Esemplificativi, in tal senso, sono gli istituti delle cd “Diversion” e “Probation” che, specialmente in Inghilterra, ma anche in altri stati come gli USA e il Canada, indicano, in modo descrittivo, la raccolta di strategie punitive poste al di fuori dei confini tradizionali e formali del procedimento penale e del carcere.

Certo, nei paesi anglosassoni, la scelta di strategie risolutive dei conflitti sociali, diverse dal processo ordinario, sono, come detto, più improntate a scopi pragmatici che educativi, ma non si vede perché, mantenendo una preoccupazione rieducativa, non si debba optare per soluzioni meno costose per la collettività e più efficaci in termini di recupero effettivo.

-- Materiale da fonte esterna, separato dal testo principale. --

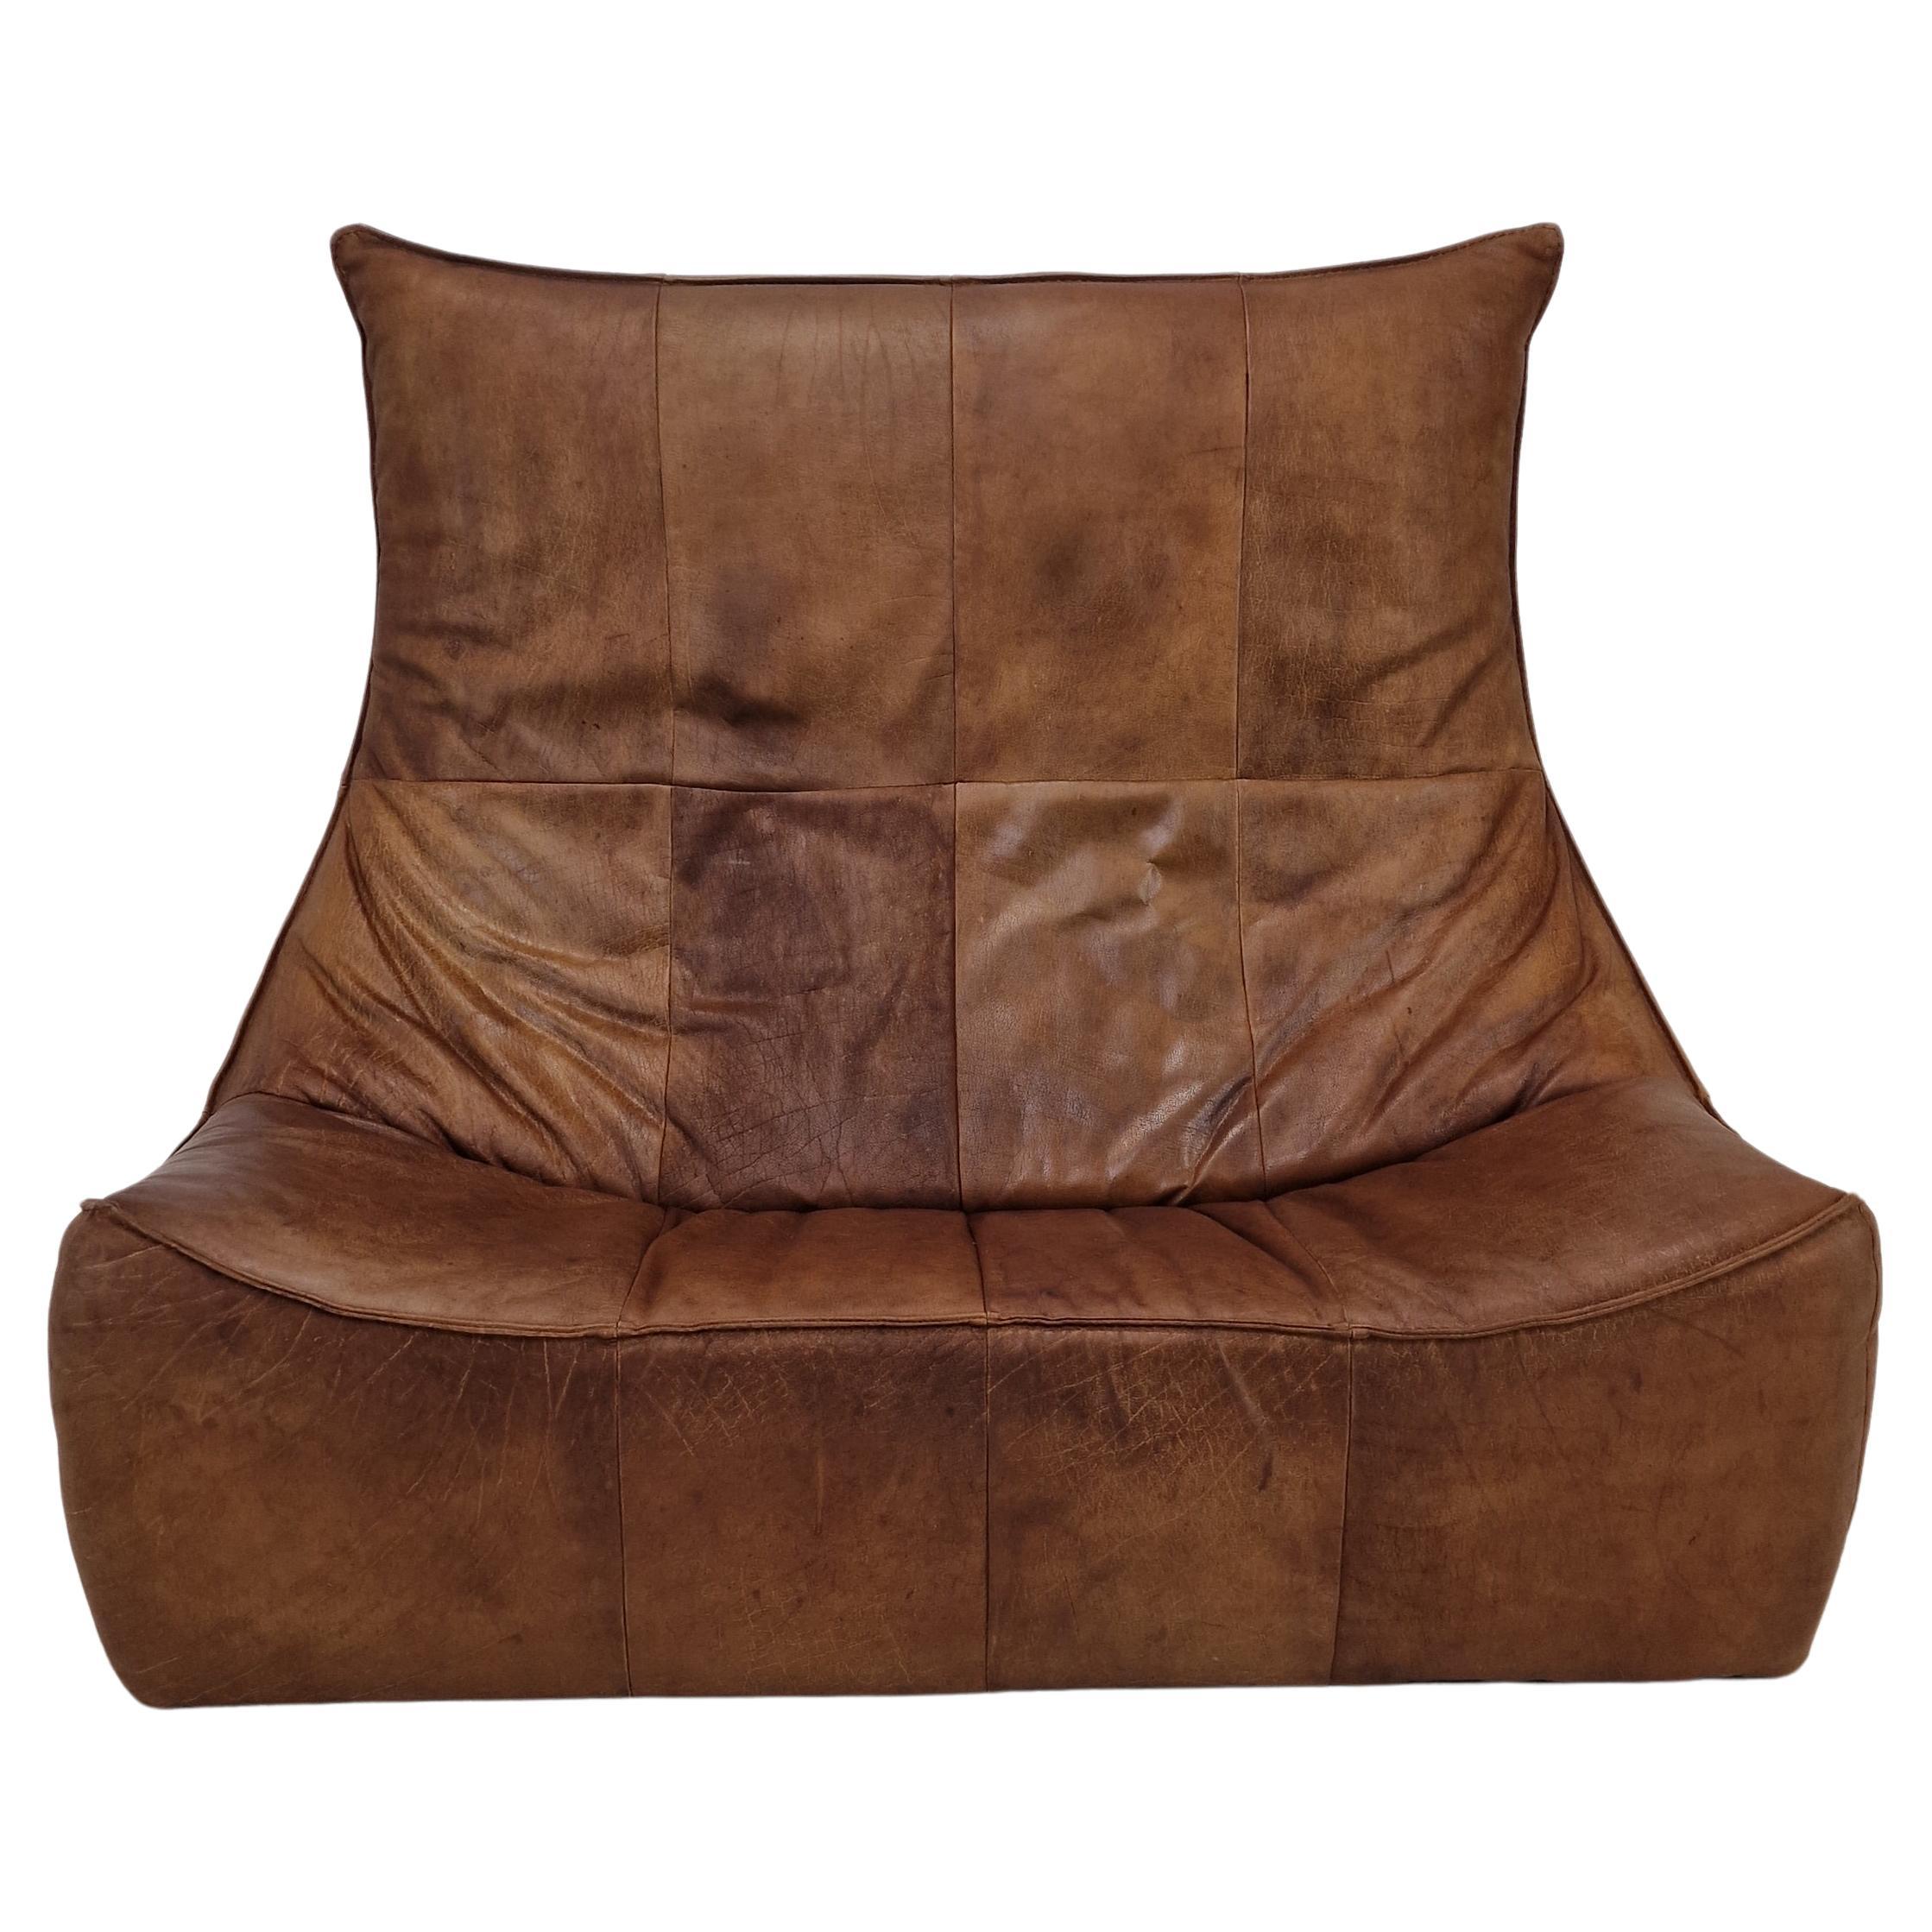 Montis “The Rock” Sofa In Brown Leather By Gerard Van Den Berg, 1970s
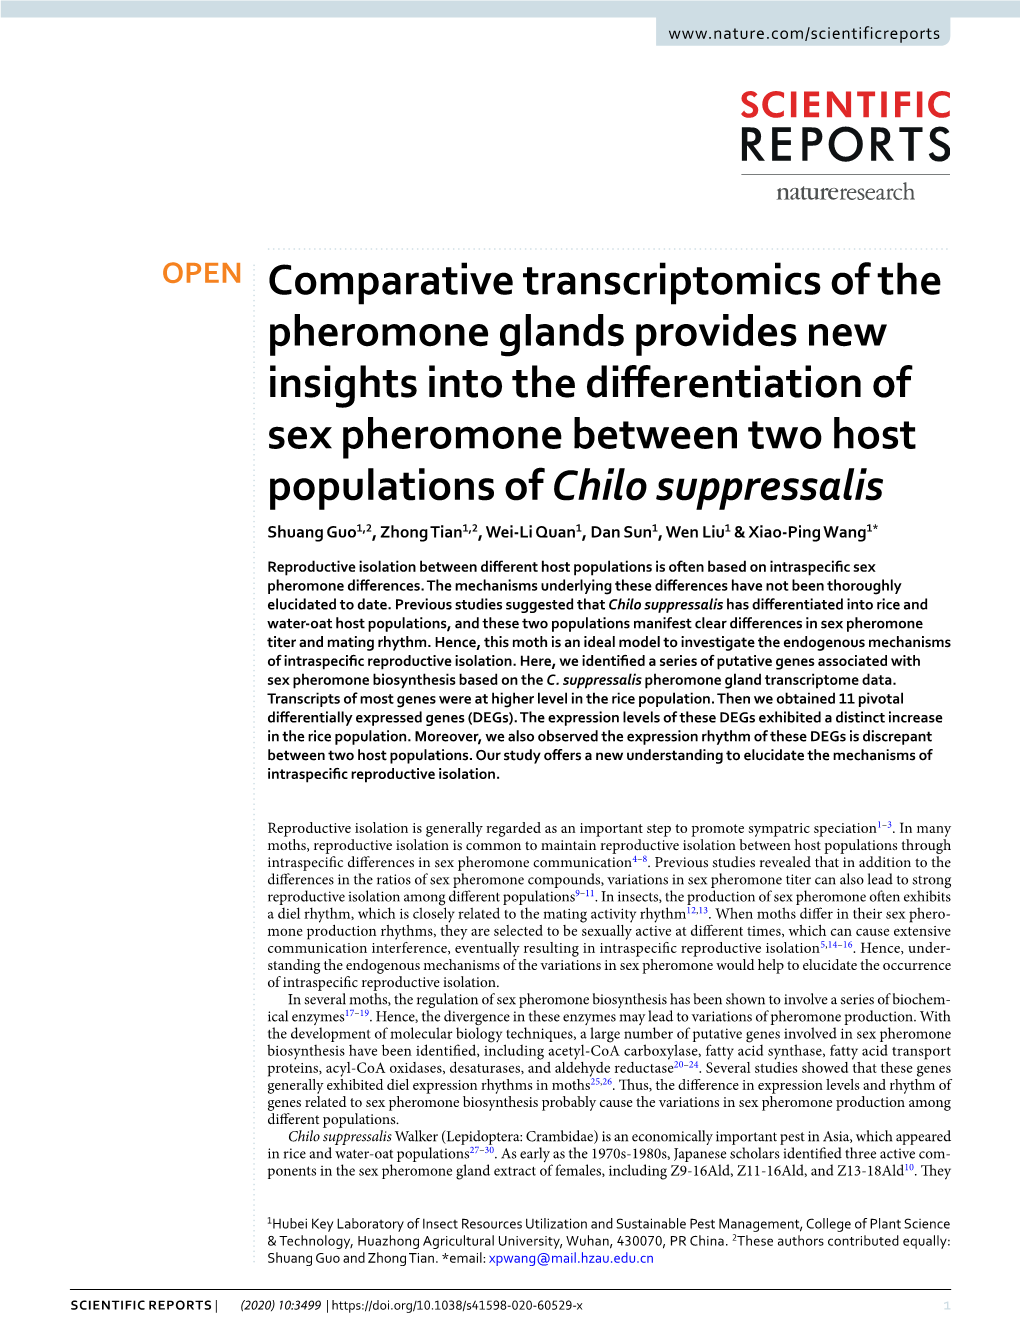 Comparative Transcriptomics of the Pheromone Glands Provides New

In Italia, a dire il vero, già esistono istituti affini a quelli sopraindicati, come l’affidamento in prova ai servizi sociali (sia ordinario che terapeutico) e in genere le misure alternative al carcere, la messa alla prova per i minori, i lavori socialmente utili, la mediazione penale. Si tratta di istituti relativamente recenti, poco conosciuti dalla collettività e che andrebbero invece rafforzati e sostenuti con interventi anche del privato sociale allo scopo di attuarne pienamente la finalità rieducativa impedendo, così, che si riducano a meri meccanismi assistenziali o pseudo-contrattuali.

Tra il carcere, così come attualmente esistente, e le misure alternative potrebbero poi essere realizzati “carceri leggeri”, strutture detentive a “bassa sicurezza”, recuperando caserme o edifici pubblici dismessi, per soggetti non particolarmente pericolosi, gestite con accordi tra il settore pubblico e il privato sociale, senza presenza di personale di polizia penitenziaria all’interno, con la permanenza, per contro, di controlli solo al di fuori della cinta muraria, come nel sistema cd. “modulare” spagnolo.

Lo squilibrio, determinato dal sovraffollamento, può ancora trovare un più adeguato approccio risolutivo anche con il ricorso (come peraltro già avviene in Inghilterra) a forme di “partenariato pubblico-privato” - si pensi all’istituto del “project finance” - così come disciplinato dal D.Lvo 163/06 (e successive modifiche ed integrazioni).